### [Problem]
Transcribe the full listing below, word for word, without pictures.

### [Data section]
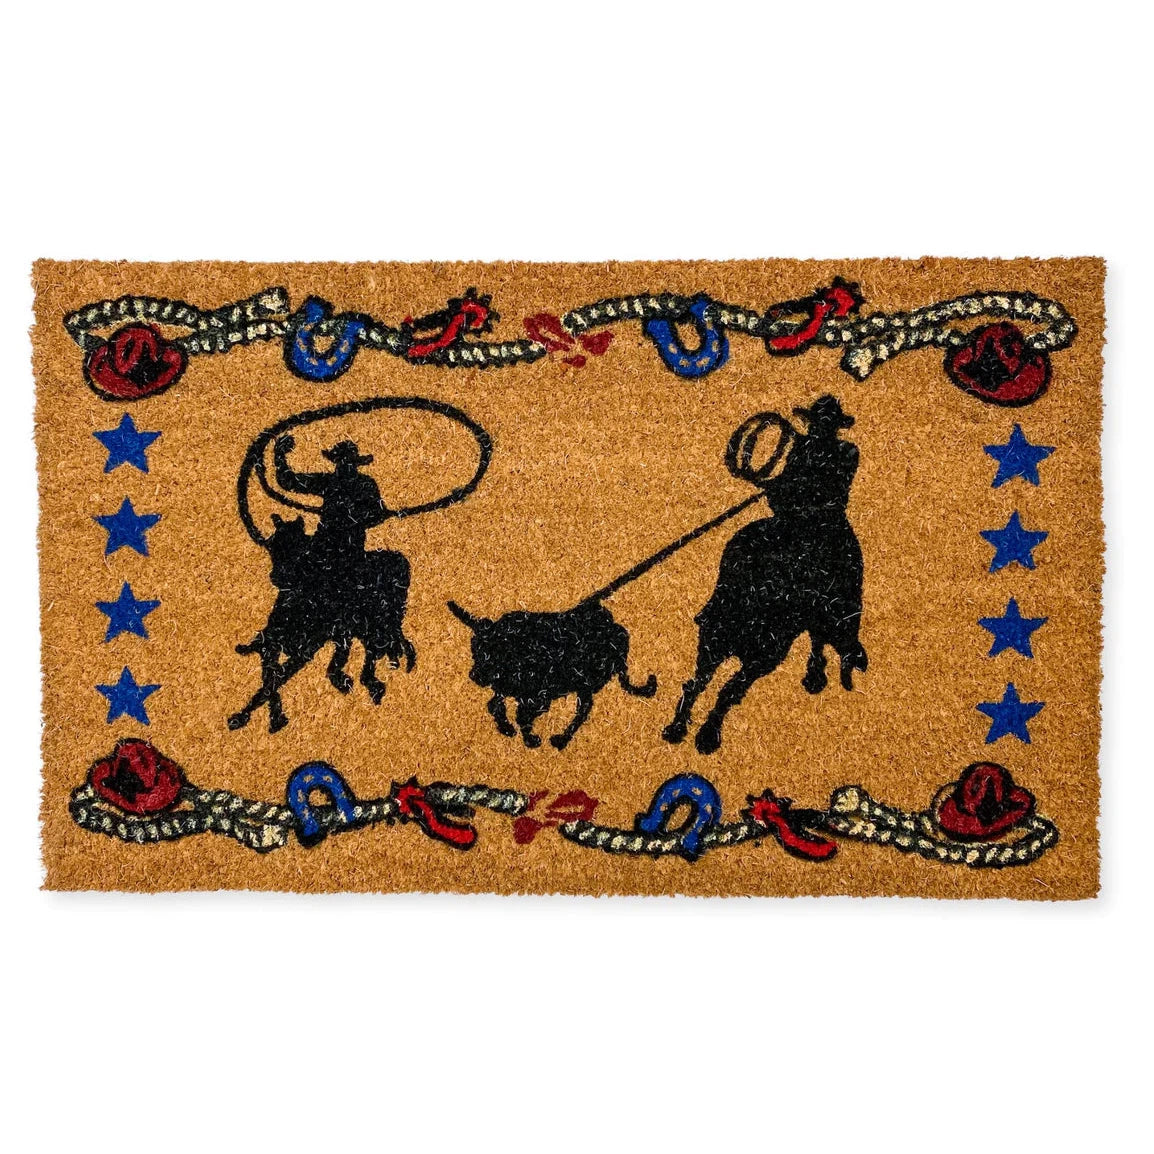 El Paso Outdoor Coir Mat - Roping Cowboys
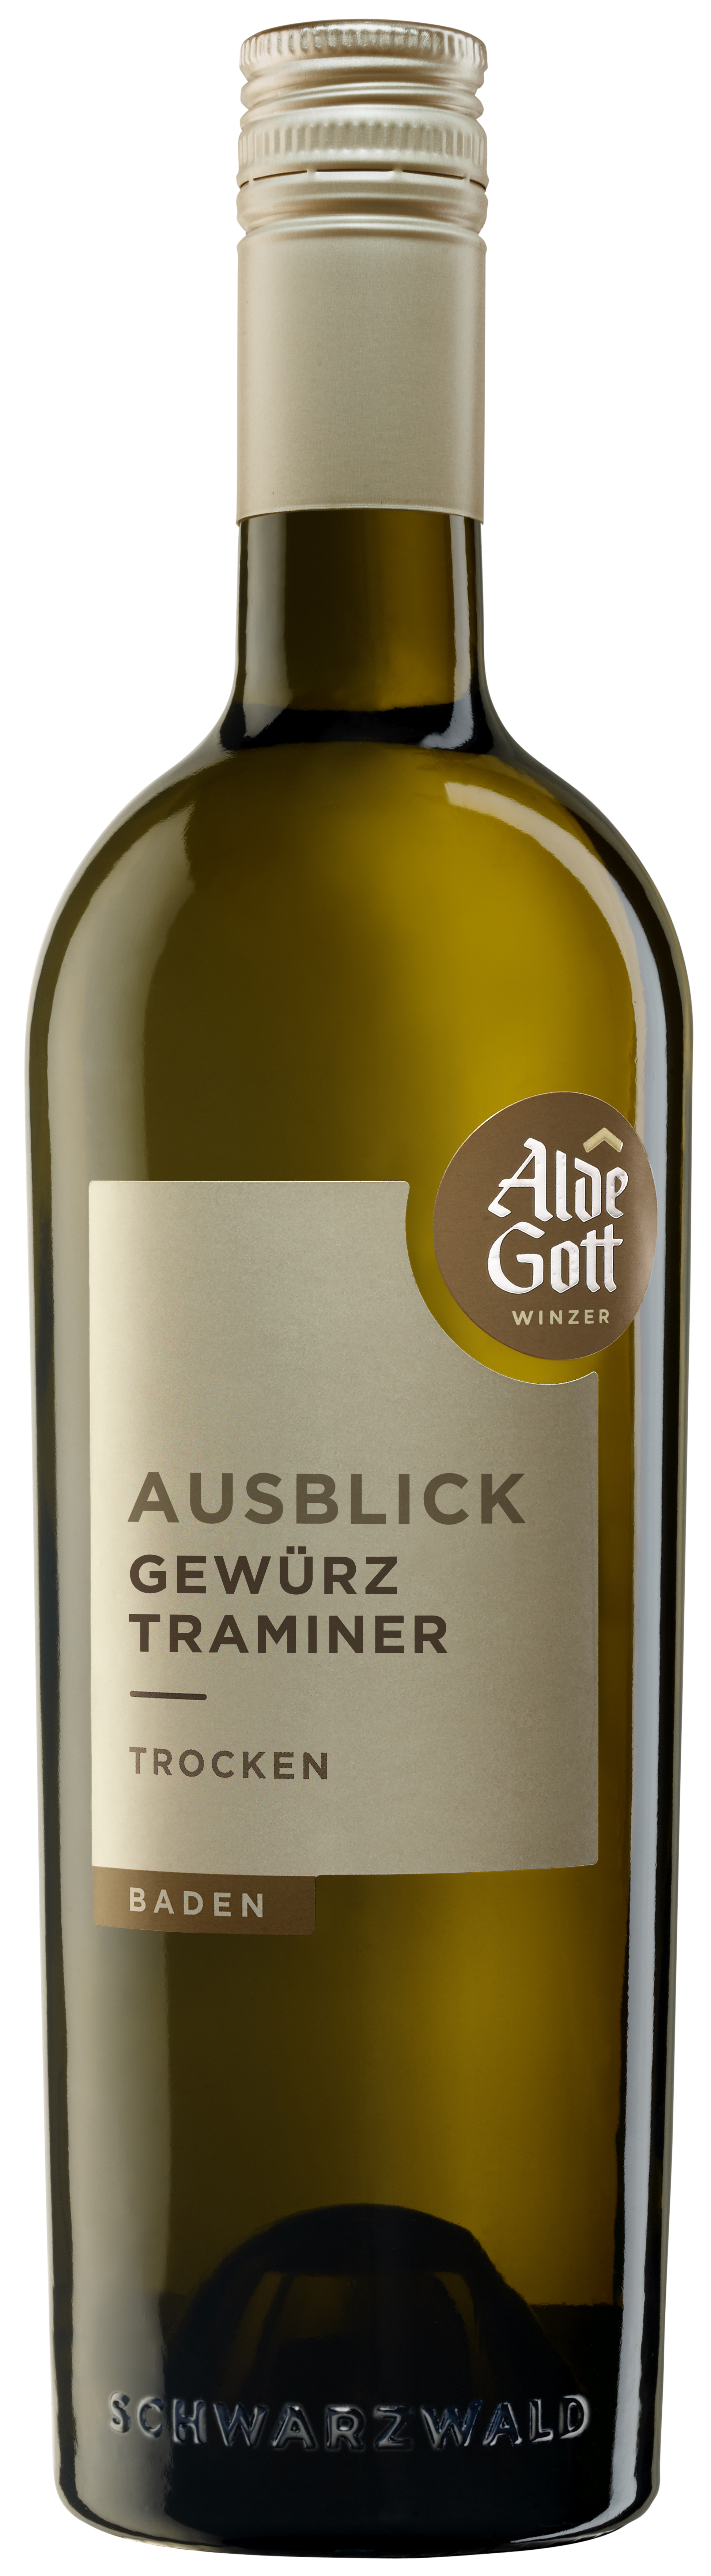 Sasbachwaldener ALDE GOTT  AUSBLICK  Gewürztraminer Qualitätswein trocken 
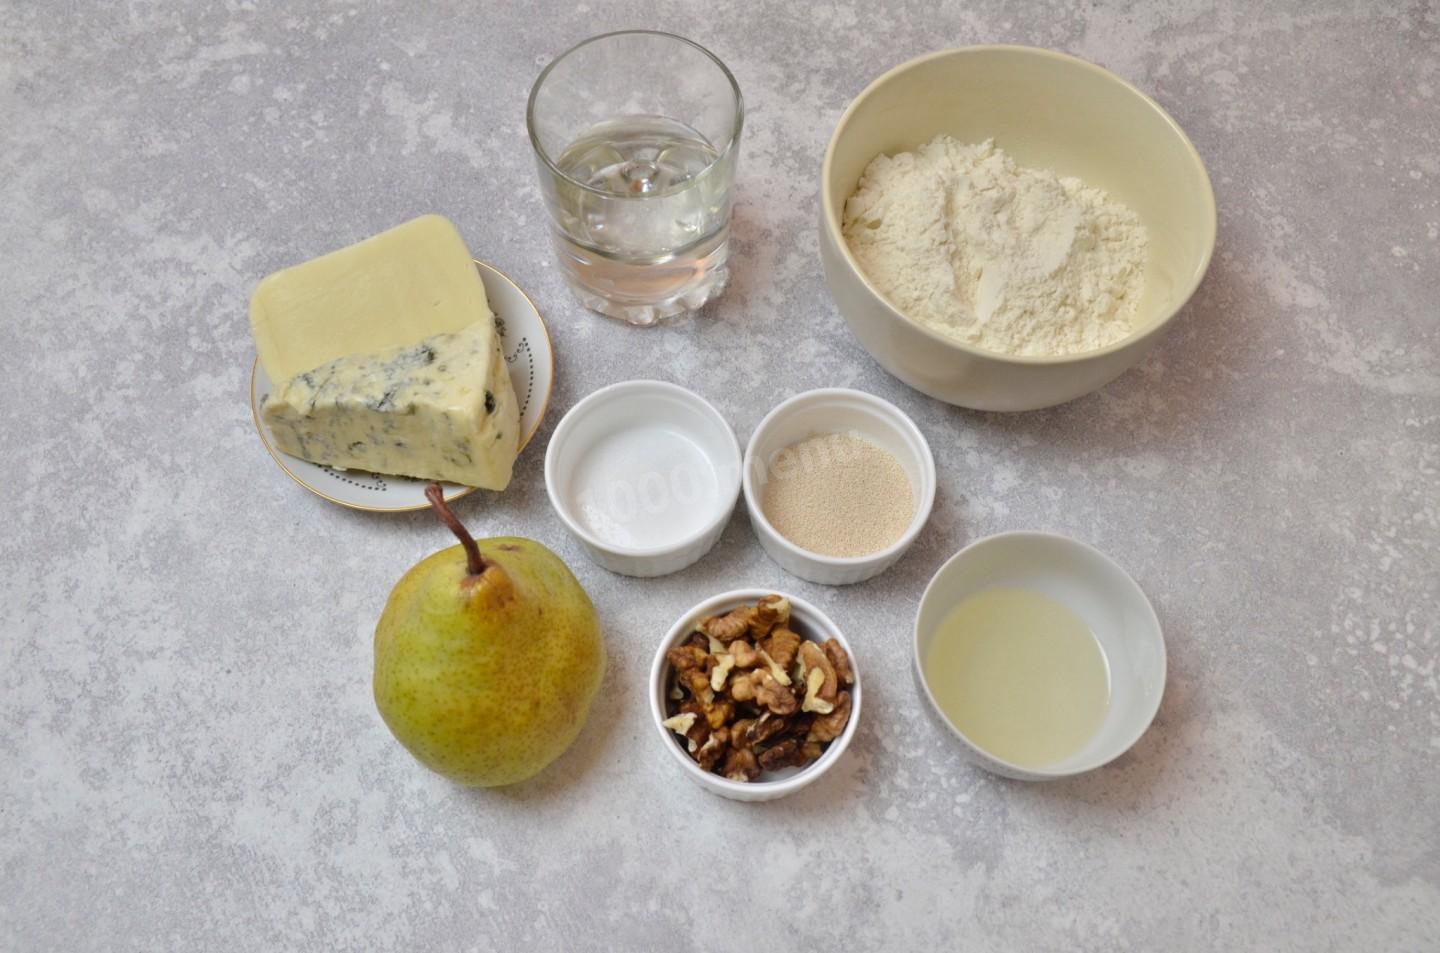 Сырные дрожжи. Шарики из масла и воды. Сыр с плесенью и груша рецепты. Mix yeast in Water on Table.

### [Your response]
 El Paso Outdoor Coir Mat - Roping Cowboys
 Sasbachwaldener ALDE GOTT  AUSBLICK  Gewürztraminer Qualitätswein trocken 
 Сырные дрожжи. Шарики из масла и воды. Сыр с плесенью и груша рецепты. Mix yeast in Water on Table.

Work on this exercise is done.